“Nothing is more damaging to the adventurous spirit than a secure future.”
The powerful words of Jon Krakauer, author of Into the Wild, have wound their way into my thoughts with every crossroad I reach in recent years. Krakauer tells the compelling true story of Chris McCandless, a disaffected young graduate seeking to break with the conventions of modern life and escape the strained expectations of his parents. Tired with this existence, he cuts up his credit cards, donates all his money to charity, and sets out for a life on the road. He is never seen by his family again.
The nomadic lifestyle has always been the one I’ve wanted. I meandered towards it as a restless teenager, saving every penny for adventures near and far; now, as a university graduate, I’m hacking my way through thorns and bushes in search of the road less travelled. I’ve financed my own education, juggling three jobs while making sure I had time to explore: short bursts of adventure closer to home, as well as sublime extended trips to Eastern Europe and the Americas. Independence is my greatest asset. But it doesn’t always come easy.
Three months ago I was on the Peruvian side of Lake Titicaca, the highest navigable lake in the world at 3,812 metres. I watched as the sunrise leaked over the majestic Andes and into the enormous basin of water below, igniting its reflective surface. I thought about how long I’d dreamed of this; how many times I’d envisaged the tranquillity of this experience.
Many people hadn’t wanted me to be here. Parents had worried about the dangers of travelling in formerly unstable countries; concerned friends tried to persuade me that going alone as a young woman was a terrible idea. Some were entirely disinterested in the idea of travelling at all. Thankfully where much else in my life is chaotic, the compulsion to break my routine and discover new places remains steady.

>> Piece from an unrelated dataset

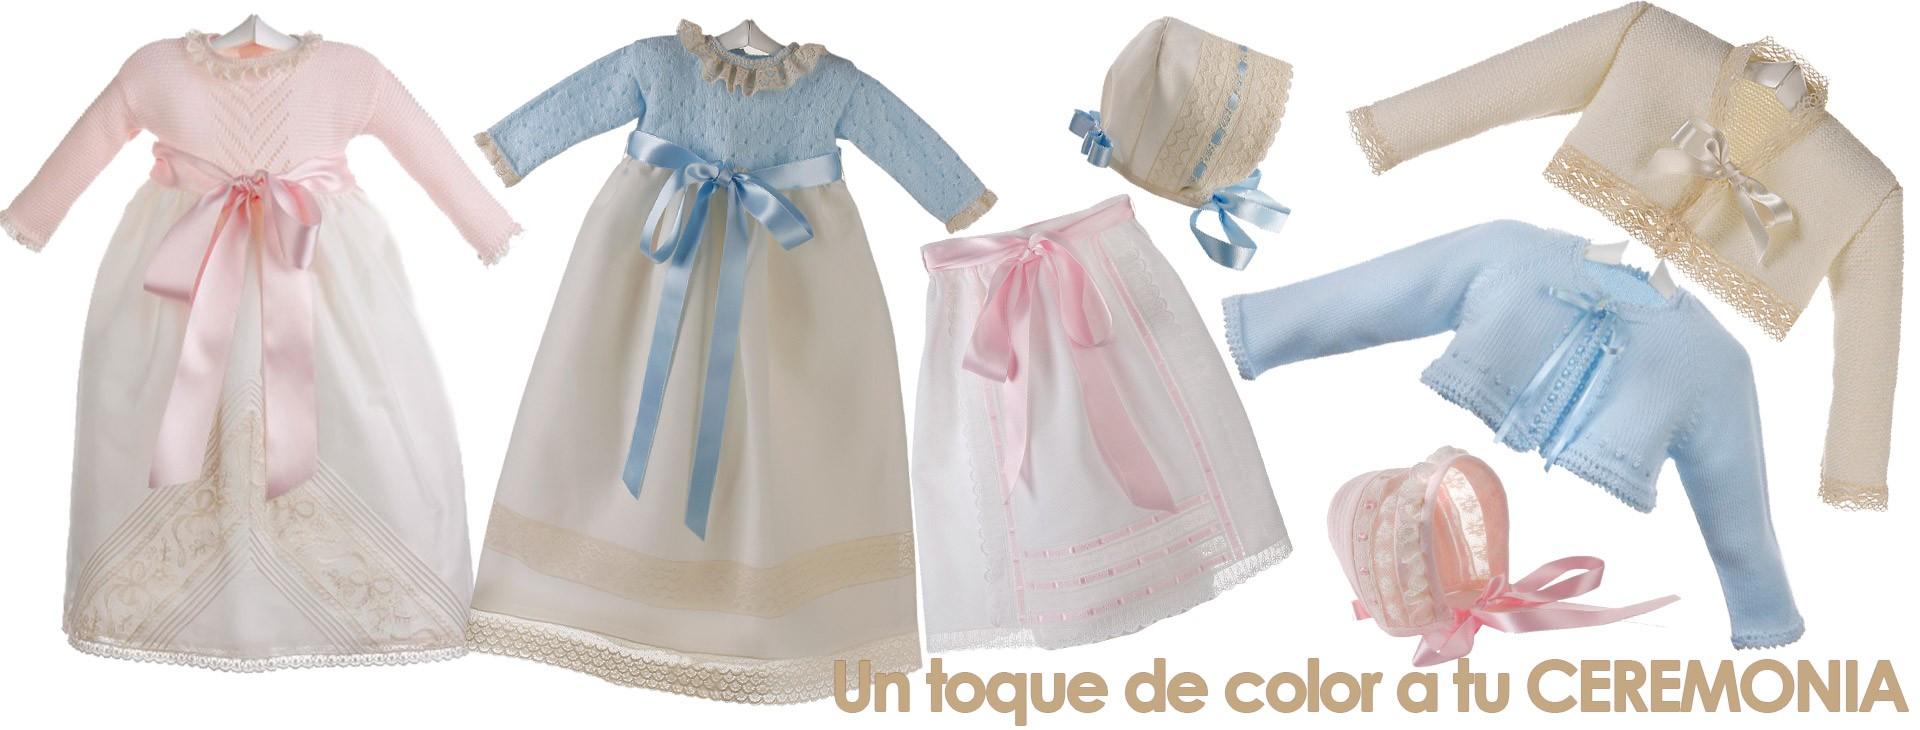 d31f66441 A continuación, te mostramos algunos de los nuevos vestidos de ceremonia  que podrás comprar online en nuestra tienda de ropa infantil.

It’s not something everybody understands.
Tiny communities of people had already been awake for hours when we arrived on Lake Titicaca’s floating reed islands. We slid over the shiny surface of the deep water in a reed boat while women in bright traditional clothes chopped at the abundant, corn-coloured stalks, babies in slings hugged tightly to their backs.
“Life is tough here, but they fight to keep their autonomy,” the tour guide told us. “They build everything from these reeds – the islands themselves, their huts, their beds. And if they have a disagreement with a neighbour, they cut them adrift – literally.”
That night, a pendulous moon swung across the velvet night. In spite of the regularity of the process, the patterns of shadow and light reflecting off it seemed unfamiliar. As I shivered on my hilltop, I thought about the little islands of people on Lake Titicaca below, floating away from each other under an unforgiving sky. Things look different in the southern hemisphere.
In the end, Chris McCandless learned his most important lesson in the cruellest way possible. He had travelled extensively throughout California, weaving the fabric of his life into a rich tapestry of encounters – but mostly shunning close friendships with other travellers. Dying of starvation, alone after eating a poisonous plant in remote Alaska, a realisation dawned. He used the last of his strength to pen his final message into his journal: “happiness is only real when shared.”
Travel is to seek the answer to a question you didn’t even know you were asking, and often we have to lose ourselves to find it again. McCandless ultimately understood that his rejection of human relationships was only meaningful while he still had time to rectify it: his bold choices meant that all his happiness, as well as his suffering, had to be experienced alone.
Independence is defined just as much by the time you spend with people as without, or it can slide into isolation. A person who doesn’t know how to be alone is not exercising independence, because they still depend on external forces for fulfillment. Independence is knowing how to enjoy the soundtrack of your own thoughts alone on a night bus, but also basking in the warmth of strangers in a Peruvian desert town, feeling like you’ve known them years. It isn’t burning every bridge till you’re stranded on an island – it’s knowing when you need to get away, but also knowing when it’s time to come back.
I came back, but I’ll be gone again in time. And that is what true freedom feels like.